The commercial satellite communications industry also got something they have long sought in the bill. One section of the report directs the Defense Department to develop a strategy for multi-year procurement of commercial satellite services, including any changes in law required to make multi-year deals for such services. Currently the DOD procures commercial satellite communications bandwidth on short-term leases, typically at higher costs than if they leased capacity on a long-term basis. Many satellite operators had been pressing the DOD to make use of multi-year deals, arguing it saved the government money while lessening uncertainty for the operators, who don’t know how much capacity they should expect the DOD to buy from year to year. The bill would also look at greater use of government hosted payloads on commercial satellites.

Coburn includes several NASA programs in his annual “Wastebook”

Wastebook cover

The cover of this year’s Wastebook by Sen. Coburn features a NASA astronaut sleeping despite the commotion all around him, evidently worn out from spending all day studying Congress and/or in a food coma from eating too much 3D-printed pizza.

On Tuesday, Sen. Tom Coburn (R-OK) released his annual “Wastebook,” a document that identifies programs (typically small, obscure ones) that he concludes are “wasteful and low-priority” and thus could be cut. And as was the case with last year’s report, several NASA programs caught his attention.

Coburn’s report singled out NASA’s bed rest studies, where test subjects spend months in bed simulating some of the effects of long-duration weightlessness. Coburn is less critical of the science behind such studies as their current need. “No manned space missions to Mars—or anywhere else—are planned, scheduled or even possible in the foreseeable future, however, and NASA no longer has an active manned space program,” the report states. This will no doubt come to a surprise to many at NASA, including astronauts Rick Mastracchio and Mike Hopkins, who are currently in space on the ISS. The cost of this program: $360,000, according to the report.

The report also flags a $3-million program by NASA to conduct annual week-long seminars over the next several years for its employees to explain how Congress works. Coburn’s criticism is actually directed more at Congress itself and its lack of productivity than NASA itself. “NASA would be far better off looking for intelligent life elsewhere in the universe.”

The report brings up a program also mentioned last year: studies to develop food for future human Mars missions. This year’s report mentions a $125,000 grant to a small company to develop a “3-D pizza printer” that is on top of other NASA food study programs. “Every year, the average budget for Martian food development is $1 million.”
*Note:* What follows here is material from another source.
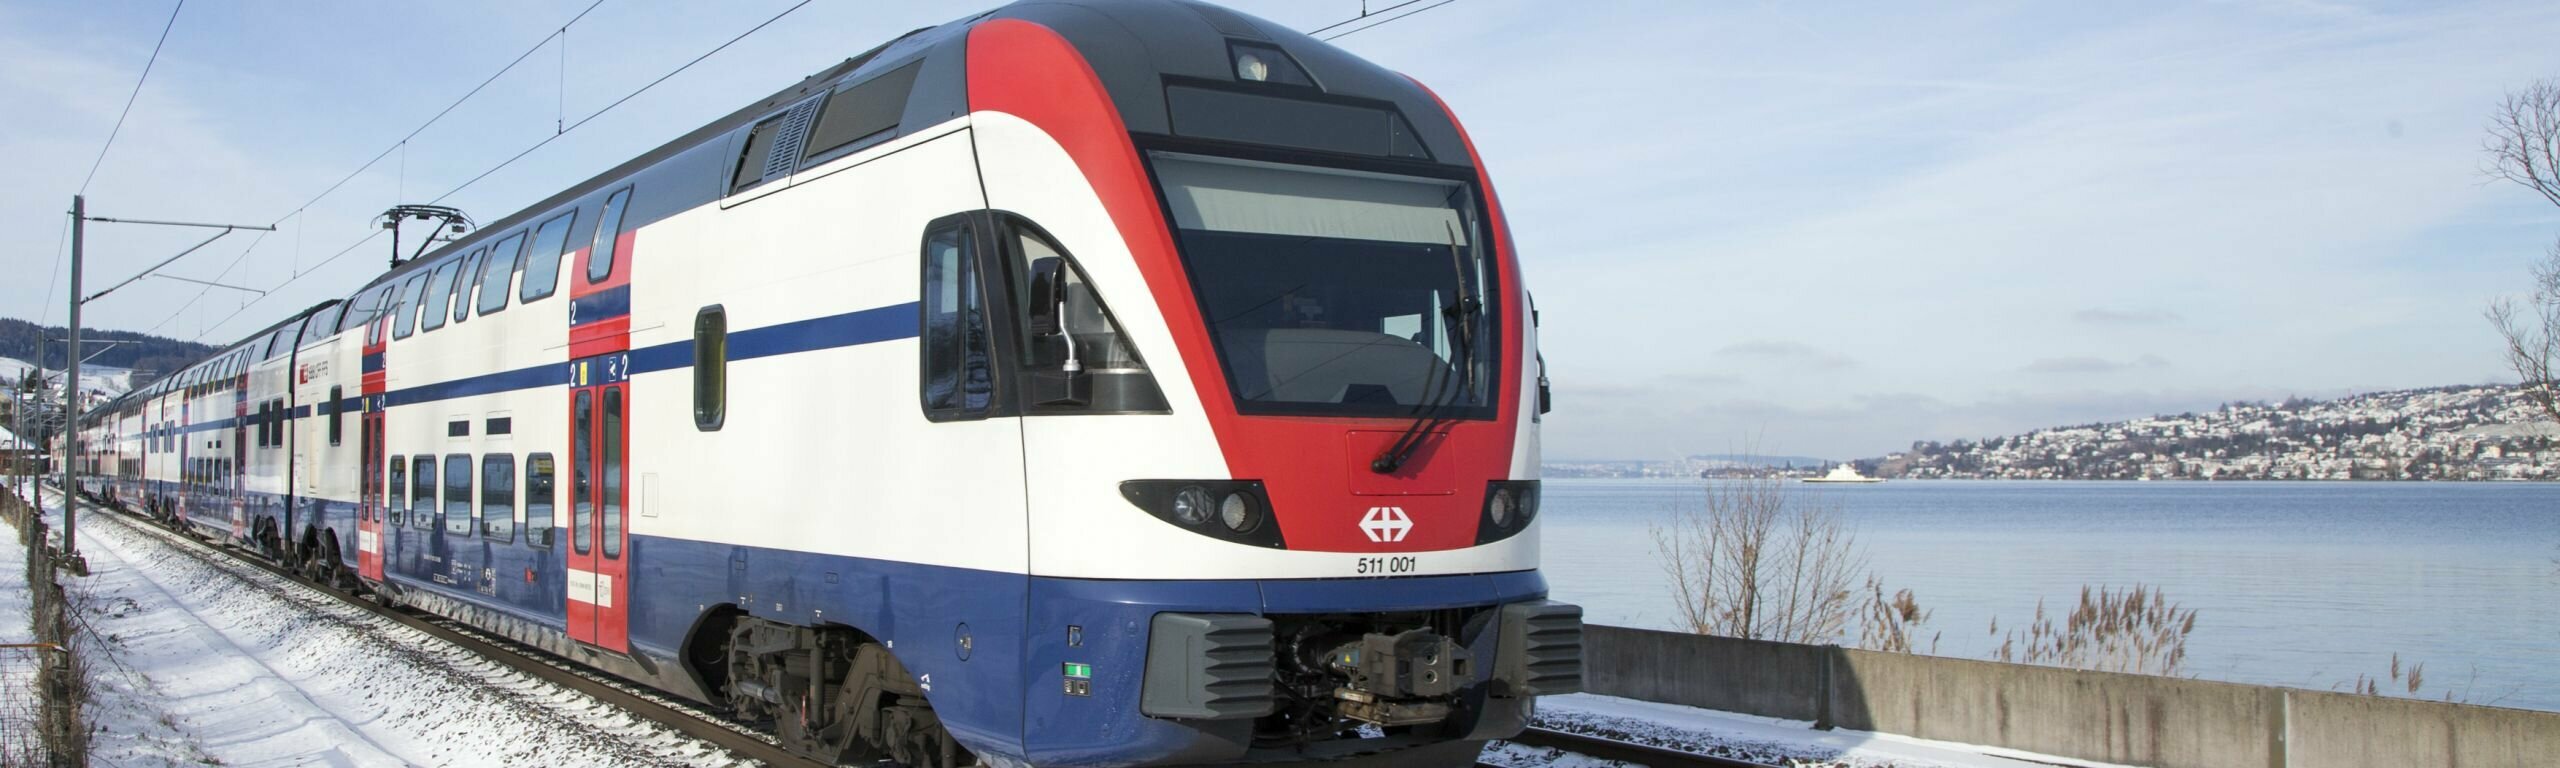 SBB erhält Bonus für pünktliche Zürcher S-Bahn

Elsewhere in the report, Coburn criticizes NASA spending $390,000 on an obscure “cartoon superhero” called the Green Ninja, who is supposed to teach students about the implications of climate change. “[W]ith the manned mission to the red planet shelved, the Green Ninja may be the only little green man the space agency makes contact with for the foreseeable future,” the report states, again claiming that NASA has no plans to send people to Mars. The report also complains that NASA spent $237,205 to study Christmas Island red crabs, arguing that such research should only be funded by the NSF, and $23,000 for a portrait of former NASA deputy administrator Lori Garver.

However, after reading this report, no doubt many people will ask if these relatively small programs really are the most wasteful ones at the space agency.